- **Task brief**:
In your copy, leave out the pictures; write out all the data exactly.

- **Supplied information**:
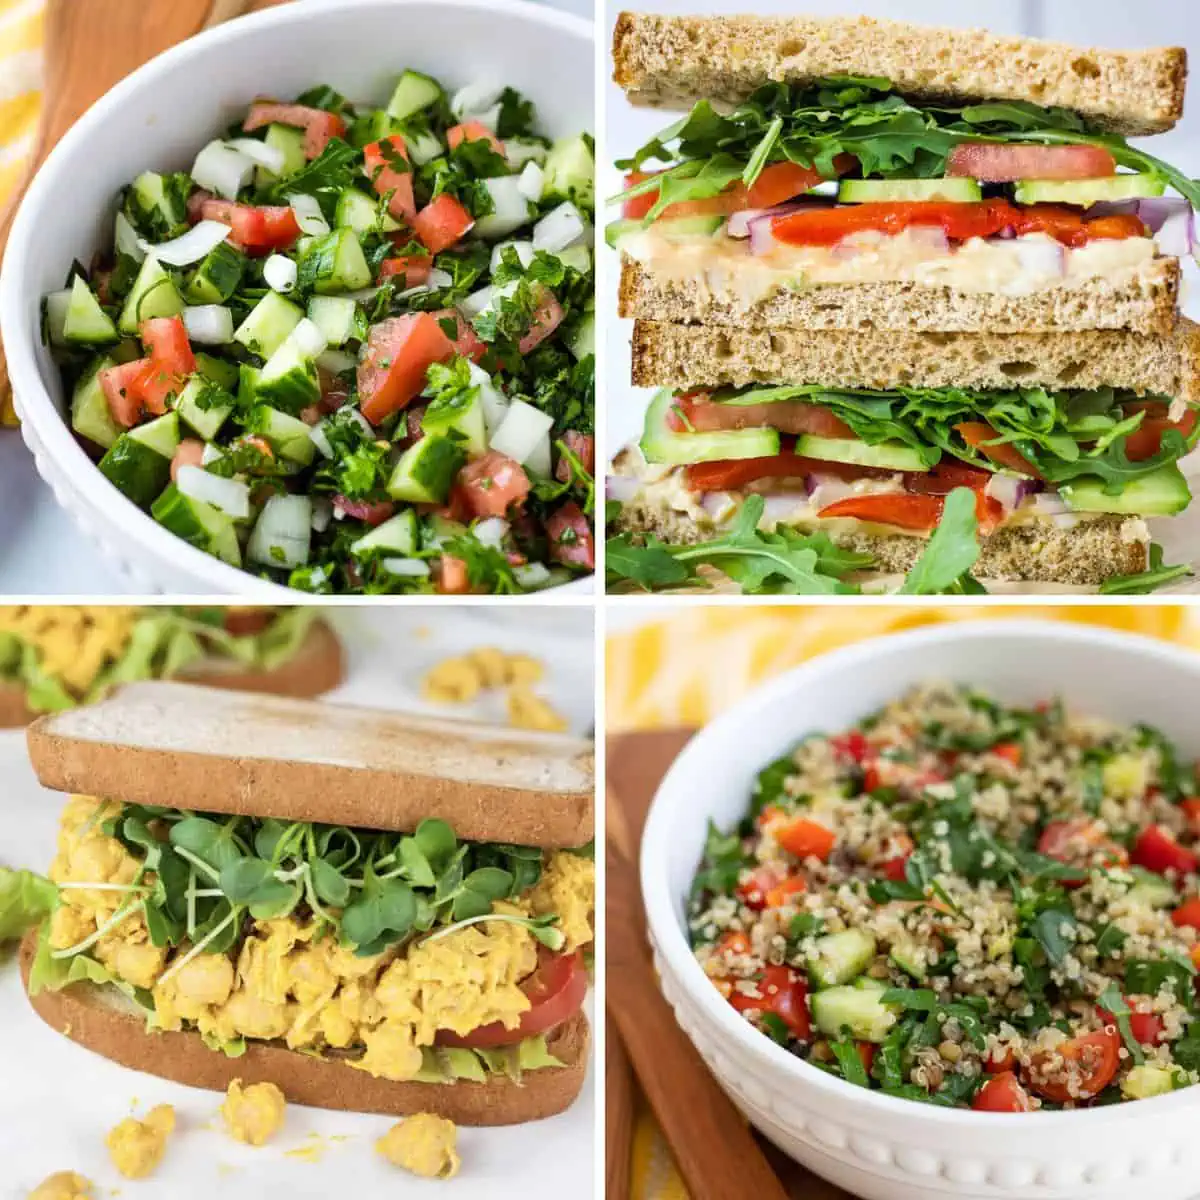 Vegan Picnic Ideas Collage: cucumber salad, hummus sandwich, chickpea sandwich, quinoa salad.
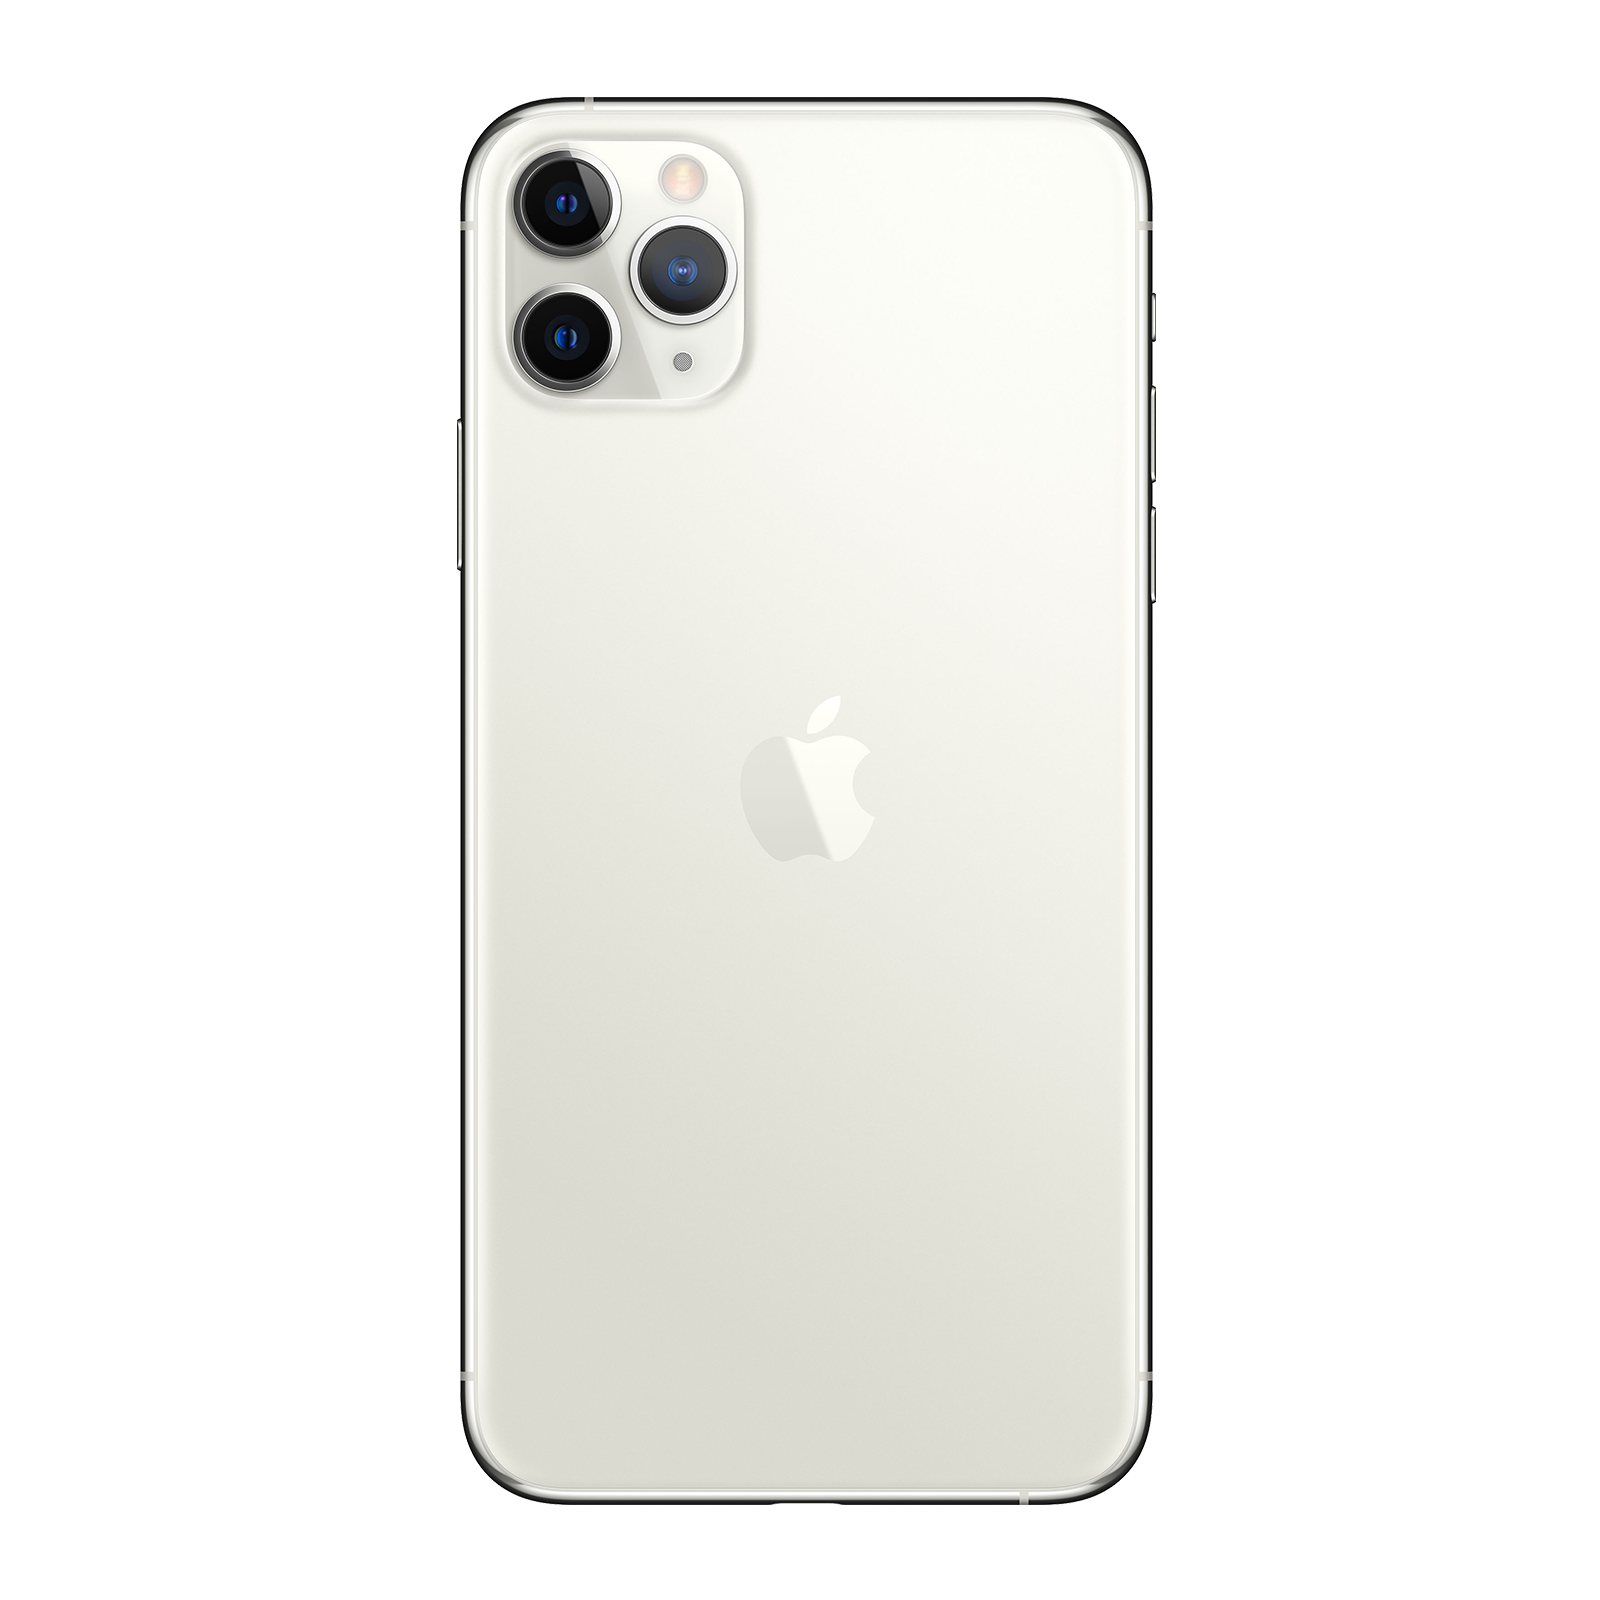 Apple iPhone 11 Pro 256GB Silver Fair - T-Mobile
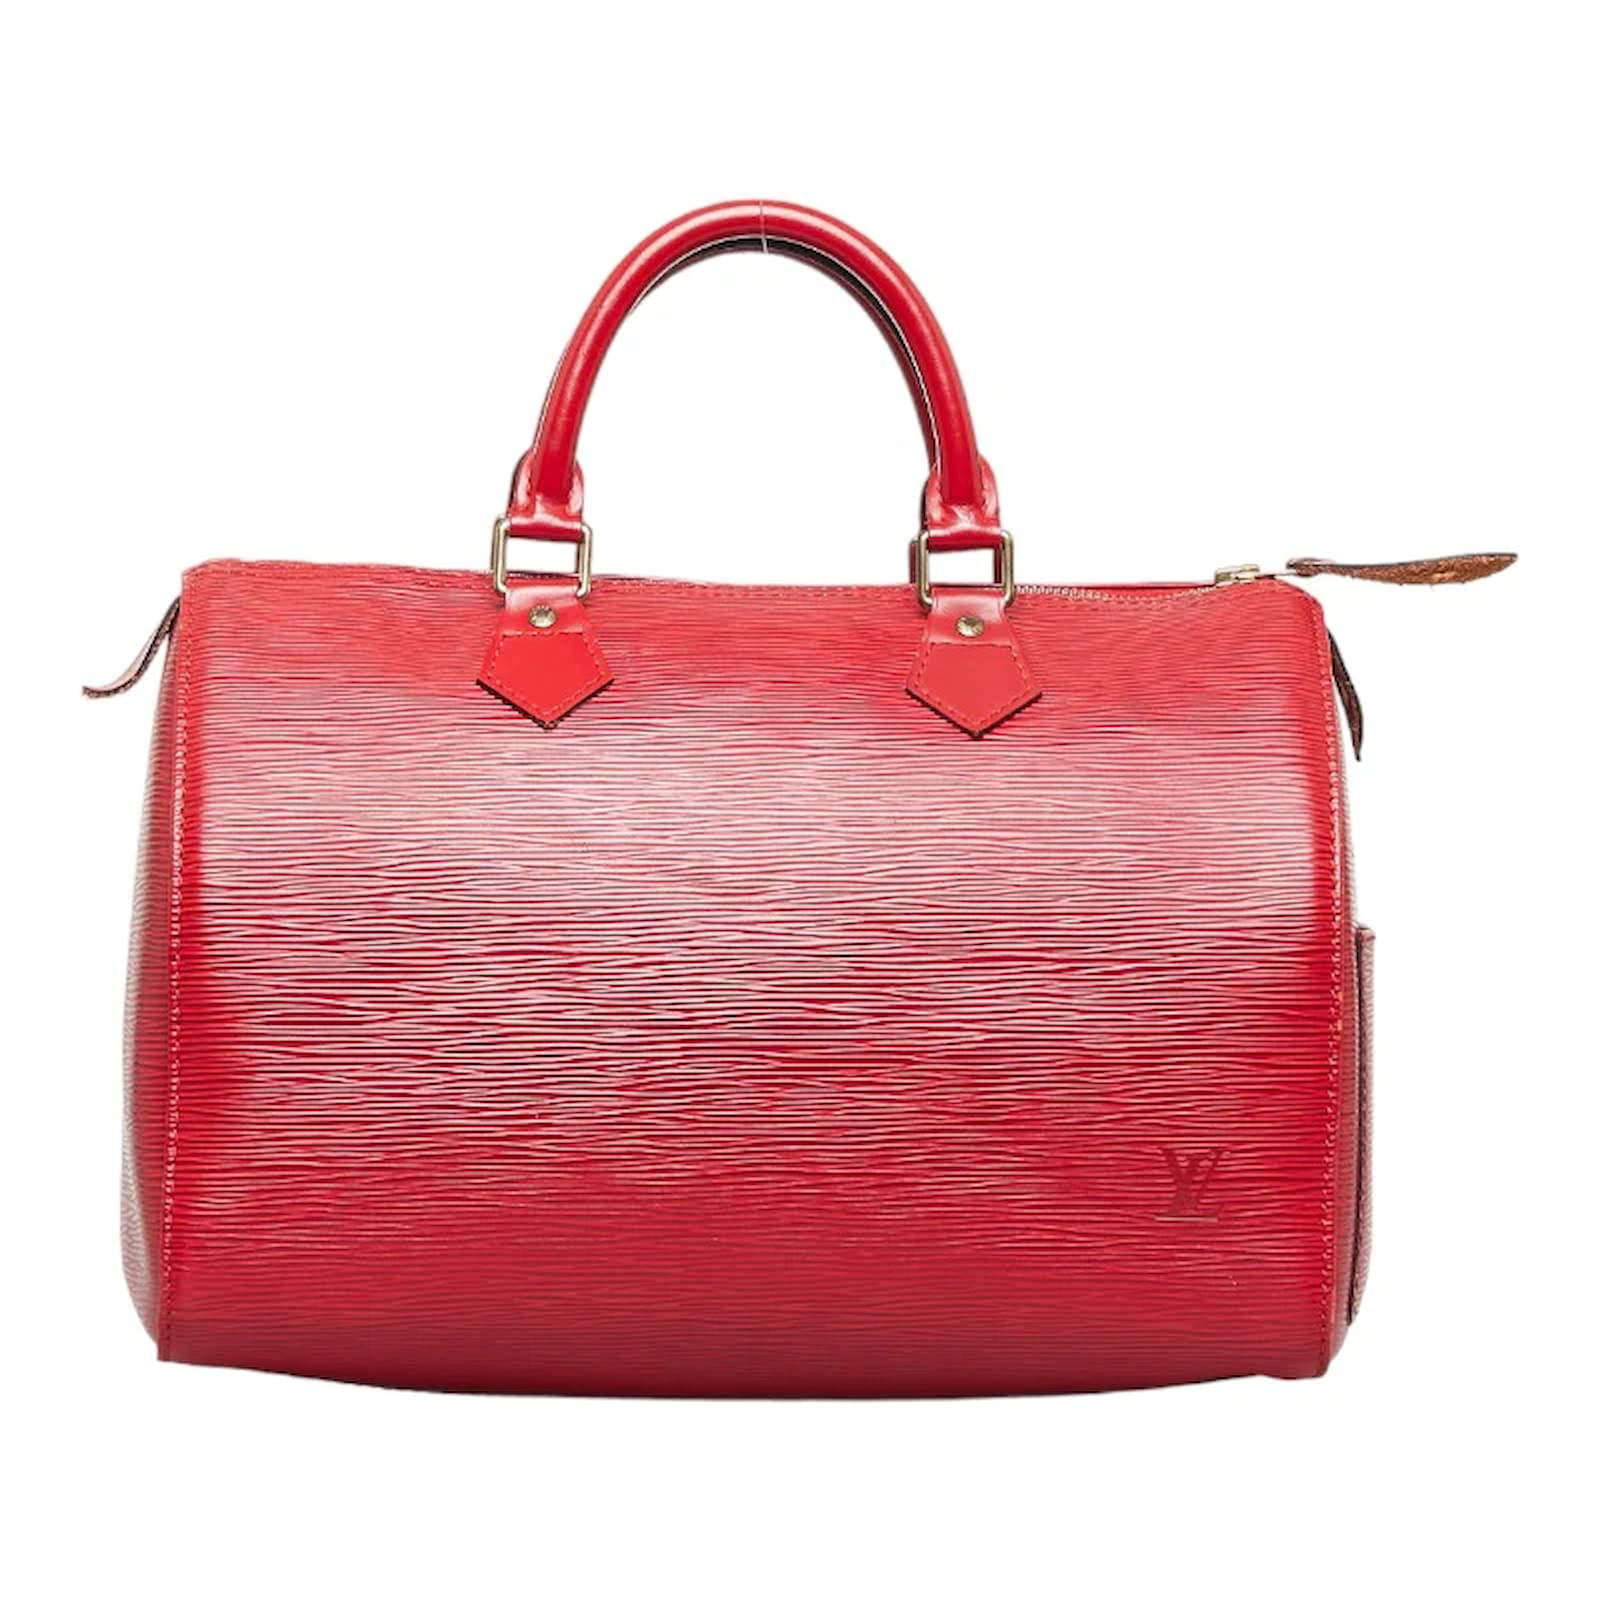 speedy style handbags
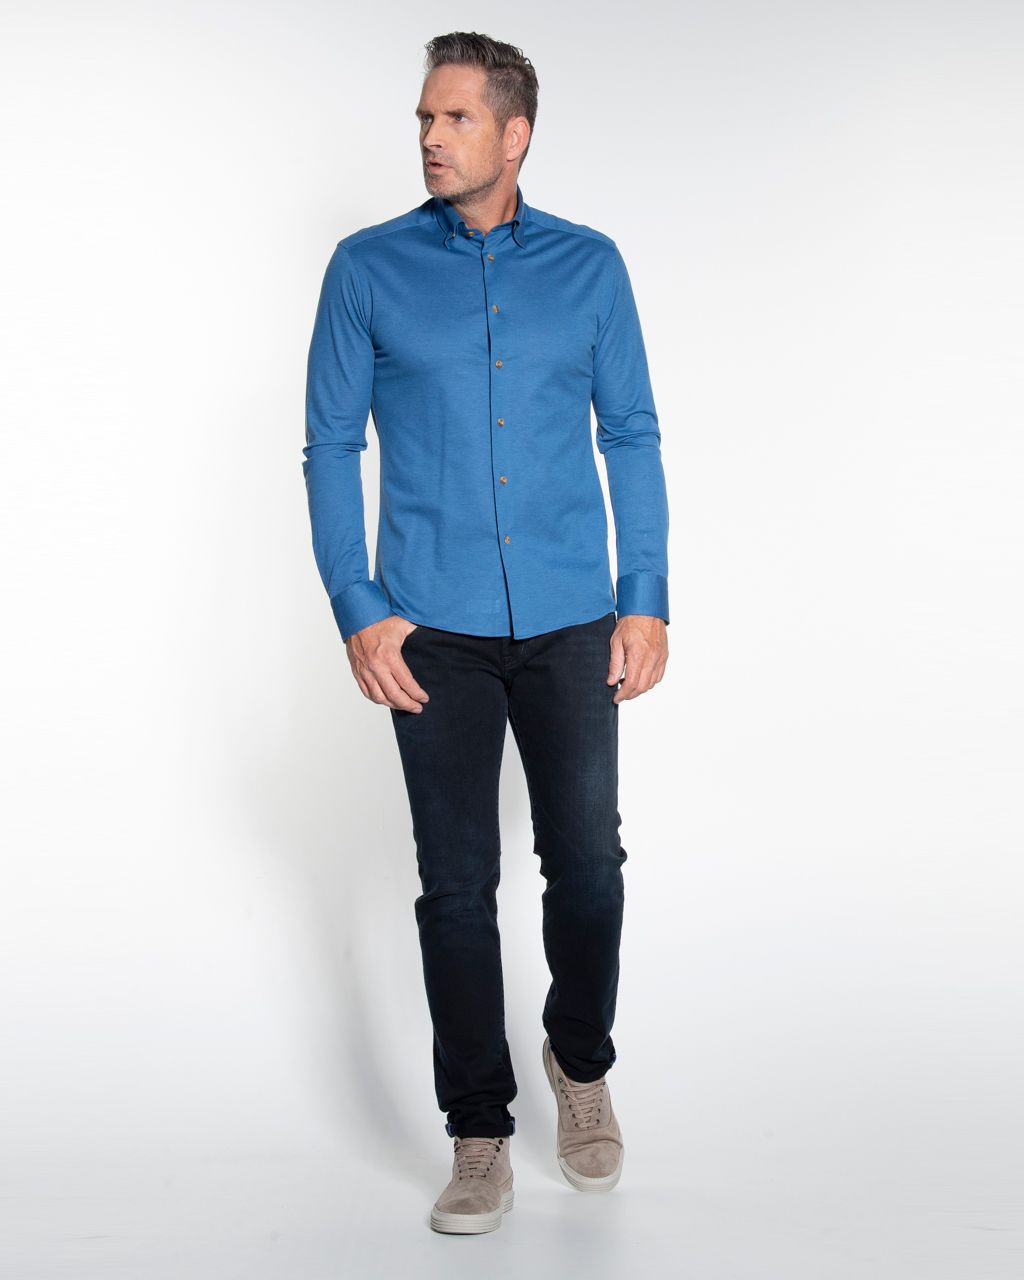 ETON Overhemd LM Blauw 053059-001-L

- **Answer space**:
 Vegan Picnic Ideas Collage: cucumber salad, hummus sandwich, chickpea sandwich, quinoa salad.
 Apple iPhone 11 Pro 256GB Silver Fair - T-Mobile
 speedy style handbags
 ETON Overhemd LM Blauw 053059-001-L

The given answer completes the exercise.